▶ _Given records_
┄┄┄┄┄┄┄┄┄┄
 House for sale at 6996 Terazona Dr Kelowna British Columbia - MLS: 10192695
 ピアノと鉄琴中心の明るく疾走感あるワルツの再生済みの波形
┄┄┄┄┄┄┄┄┄┄
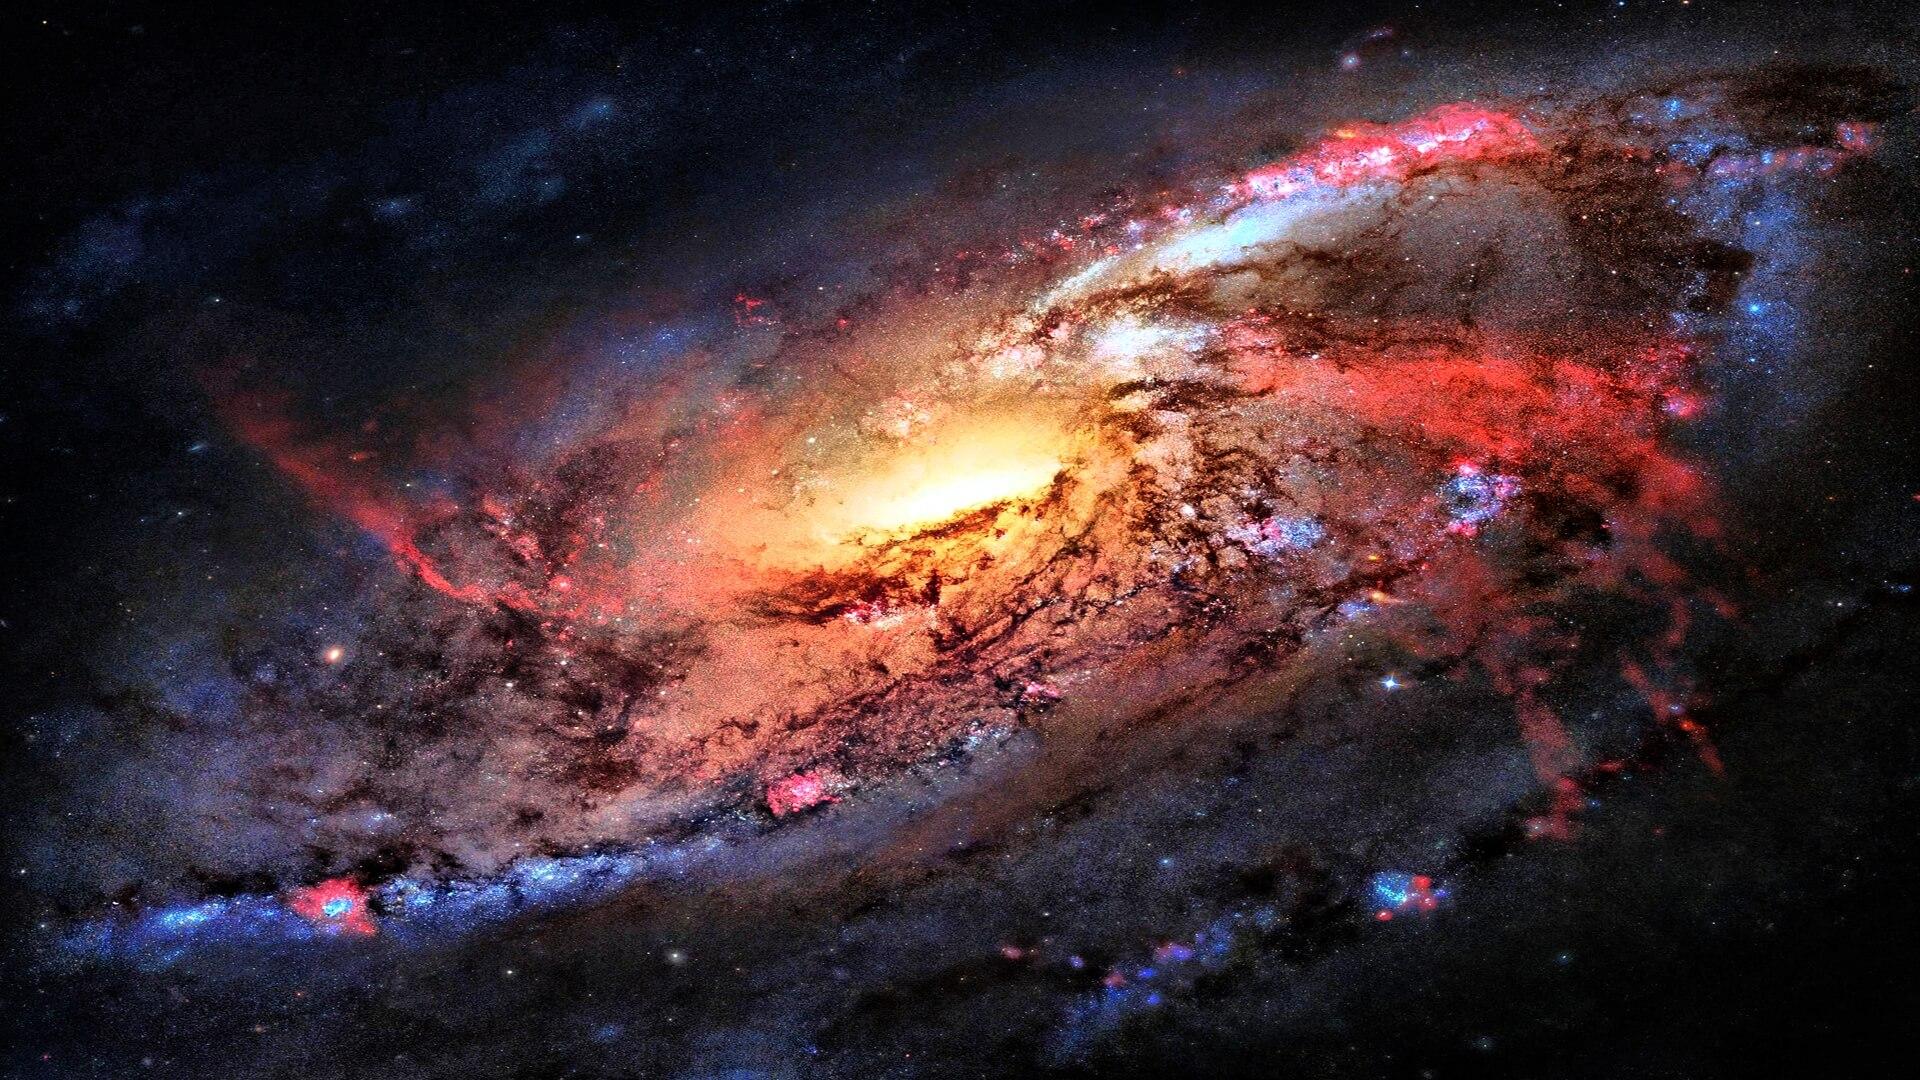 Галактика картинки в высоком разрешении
┄┄┄┄┄┄┄┄┄┄
▶ _What you are asked to do_
Of the entries above, repeat exactly the lines from the line with "House for sale" through the line with "ピアノと鉄琴中心の明るく疾走感あるワルツの再生済みの波形", both of them included.

▶ _Answer_
 House for sale at 6996 Terazona Dr Kelowna British Columbia - MLS: 10192695
 ピアノと鉄琴中心の明るく疾走感あるワルツの再生済みの波形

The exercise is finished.